While you’ve likely heard of Parkinson’s disease (PD), many people don’t know exactly what the condition is or how it manifests itself. The condition can occur when there is a loss of brain cells that produce a chemical called dopamine. It usually presents in people over the age of 60, but it can present earlier in life as well. About 500,000 people in the U.S. have Parkinson's disease, with about 50,000 people being diagnosed each year, according to the National Institute of Neurological Disorders and Stroke
The four common symptoms, according to the National Institute of Neurological Disorders and Stroke are: tremors, limb and trunk stiffness, bradykinesia (the slowing down of movement) and weak balance or coordination. Since PD symptoms exacerbate over time, as they become worse, patients can have trouble with simple tasks such as getting in and out of bed or the bathtub— or even walking and talking. People with PD may also experience “freezing,” where they have extreme difficulty starting to walk again after having stopped, or difficulty stopping walking once started. This may lead to falls in the home and when out in the community.
Some other PD symptoms can be: depression, constipation, trouble swallowing or chewing or difficulty sleeping. All of this can impact families and caregivers as well, since the need for constant care increases as the disease progresses. Indeed, Parkinson’s disease is estimated to have an economic burden on families and patients of $14.4 billion—$8.1 billion in medical expenses and $6.3 billion indirect costs, according to the Parkinson’s Action Network.
While there is no cure for PD, medications and other interventions such as Deep Brain Stimulation (DBS) have been found to provide dramatic relief from the symptoms. Physical therapy (PT) is another effective method of conservatively managing the symptoms of PD and improving quality of life.

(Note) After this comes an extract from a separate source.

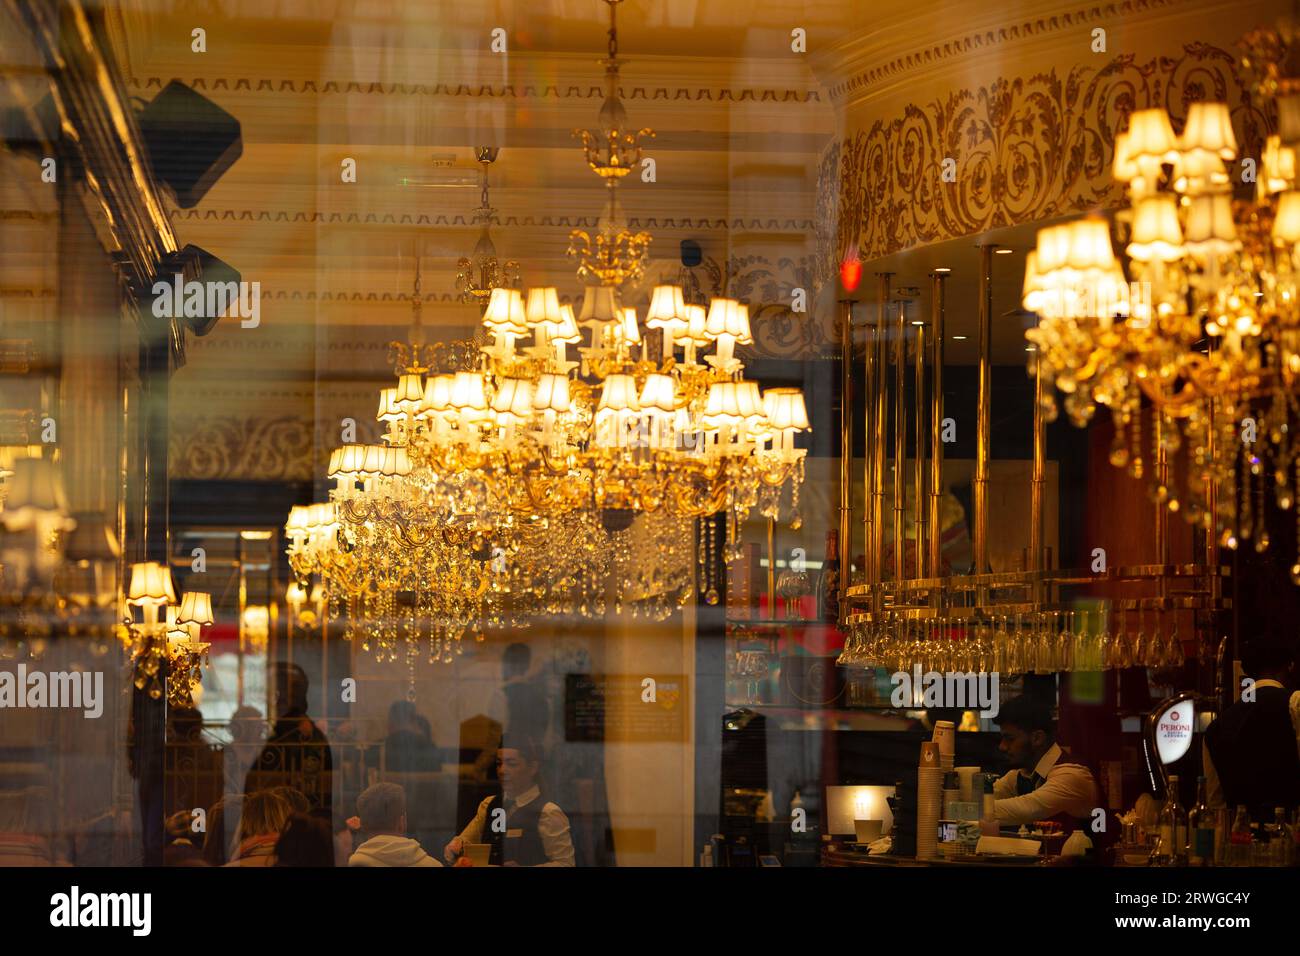 A cafe in central London. Stock Photo
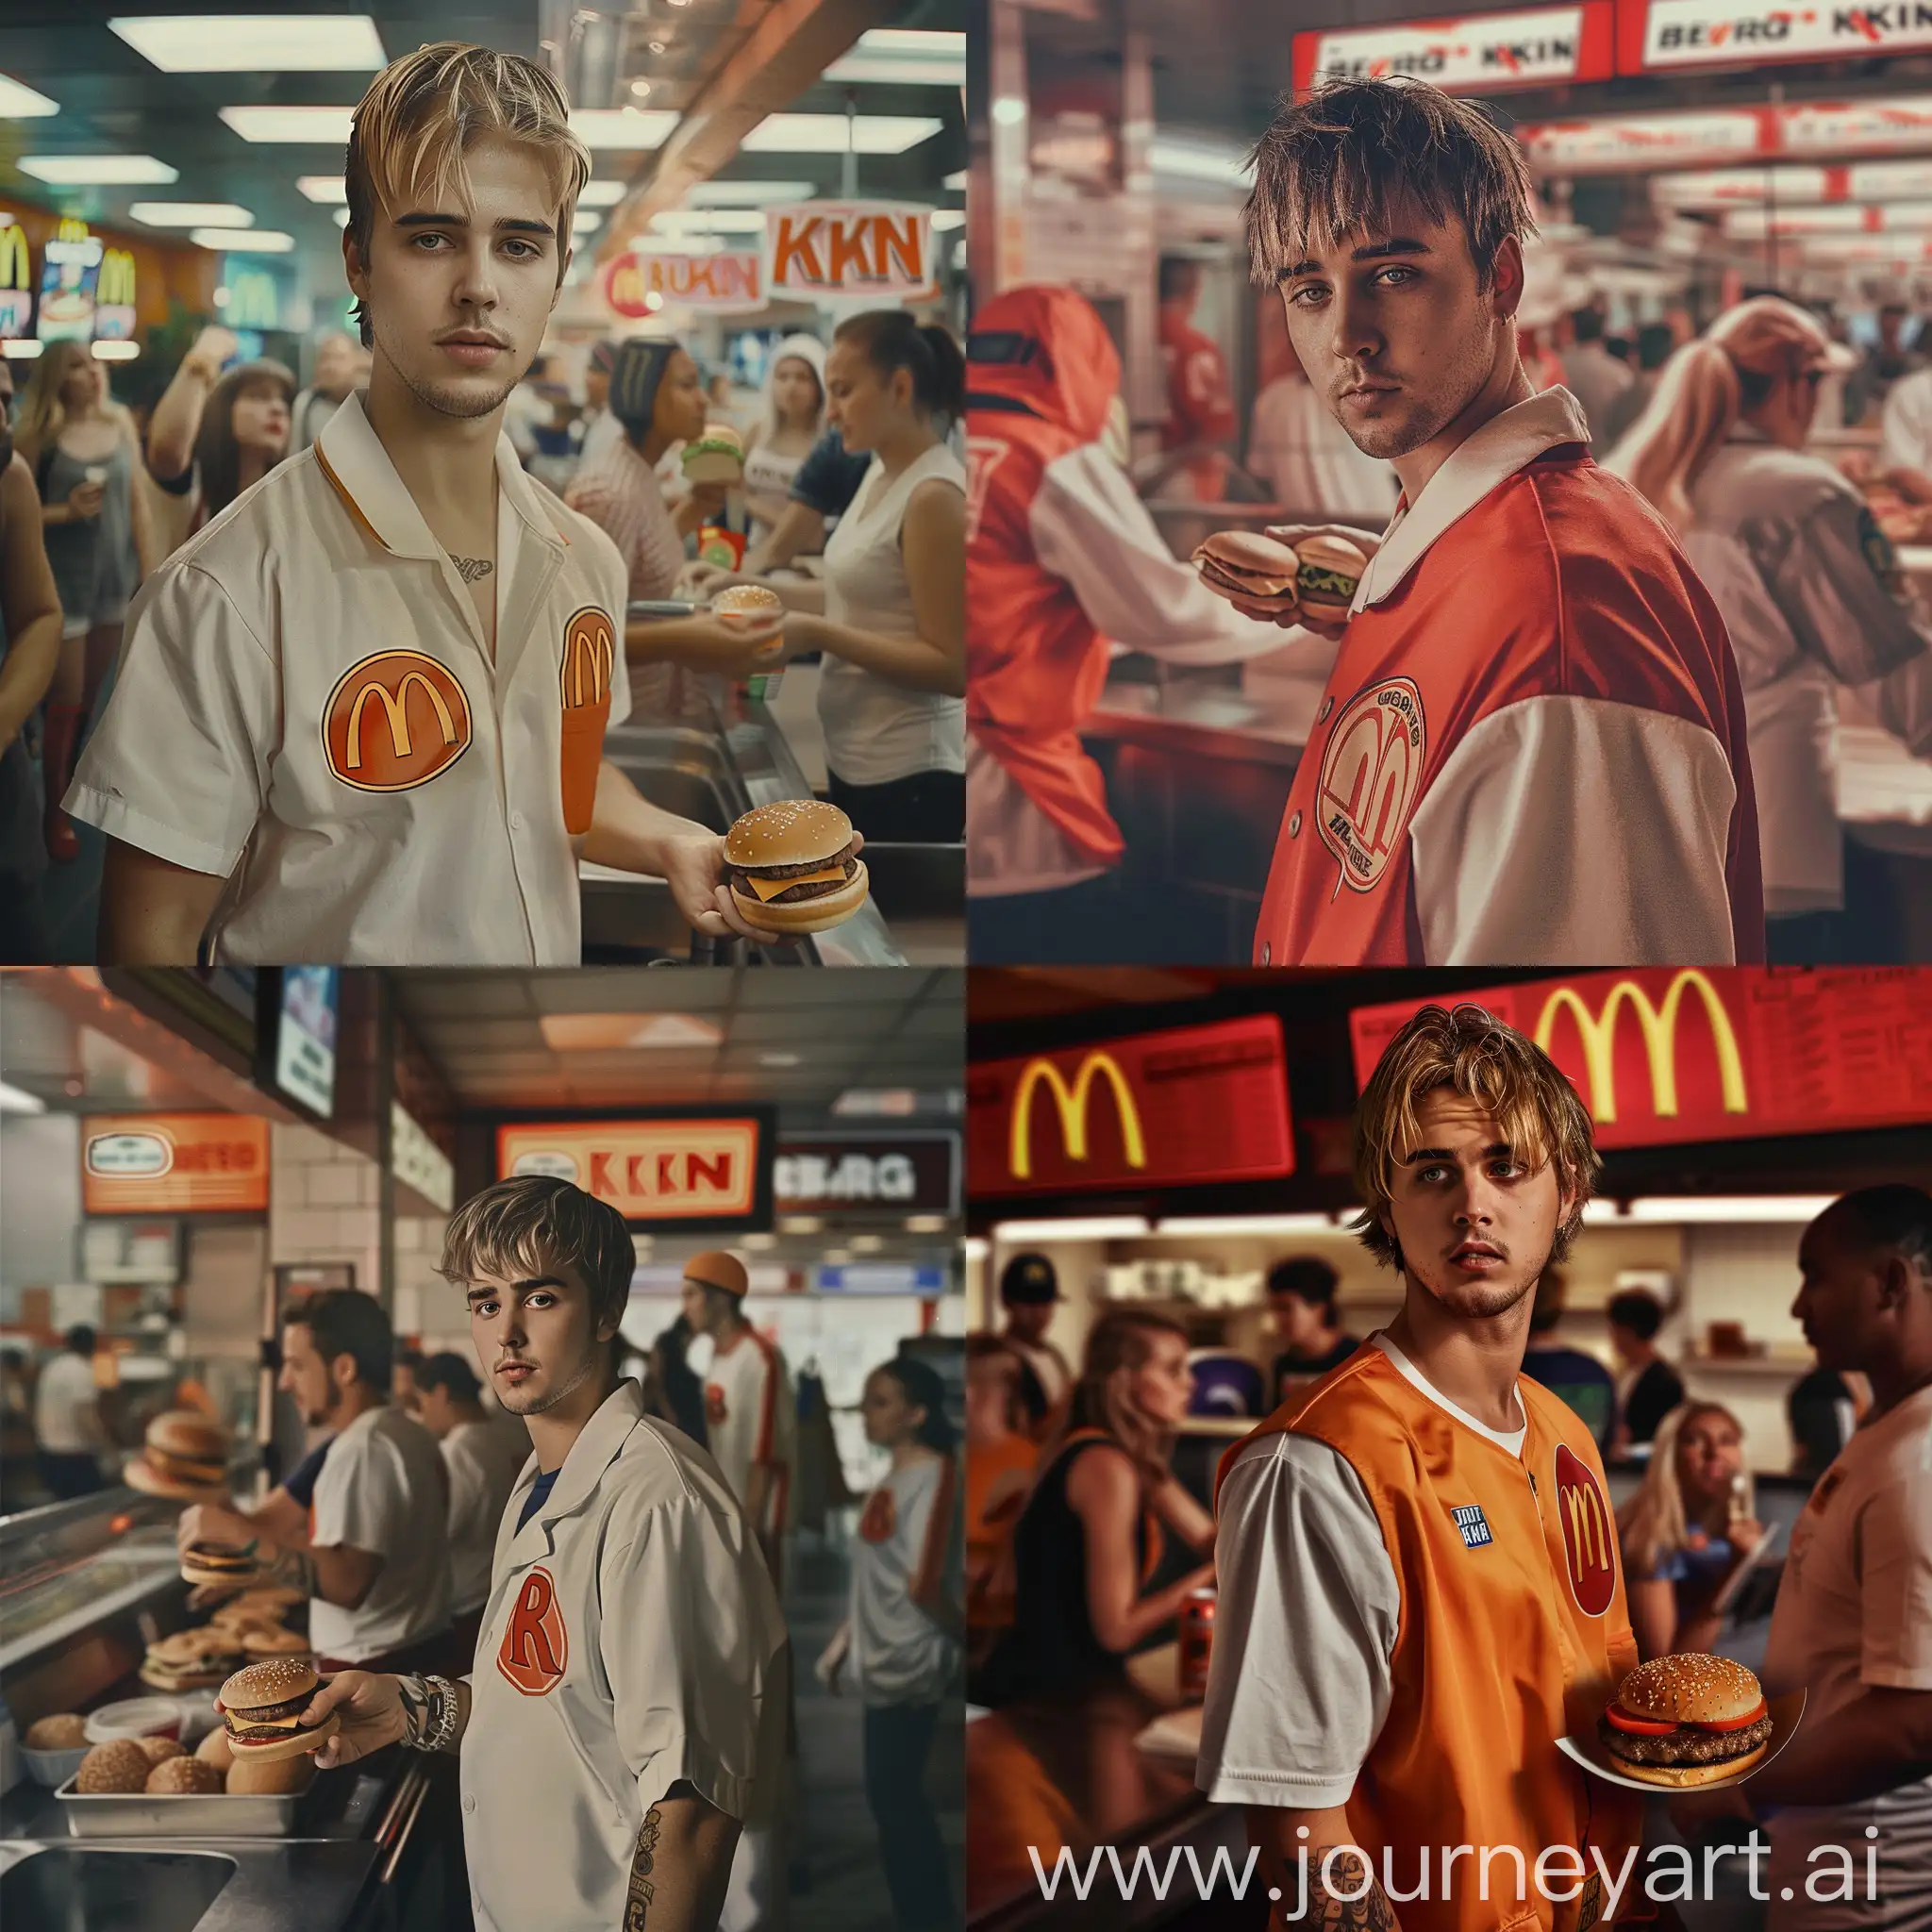 A hyperrealistic photograph of Justin Bieber in a Burger King uniform, serving burger customer, captured in a cinematic shot that perfectly captures the hustle and bustle of a busy fast food restaurant,

Traditional PT has included general conditioning exercises, functional training, and gait and balance training, with the use of external cues to reduce the “shuffling” pattern of walking and improve the quality of movements – devices such as a metronome, laser lights, taped markers on the floor, mirrors and simplifying tasks are ways to do this. These methods of treatment have had varying degrees of success based on the severity of the PD symptoms in each patient.
Physical therapy can also help patients with Parkinson’s disease develop strategies to safely transfer to and from the bed, into the bathroom, and other activities of daily living. Caregivers and family members also need to be mindful when caring for patients with PD— it is important for caregivers and family members to take care of themselves physically and seek out groups and other means of emotional support.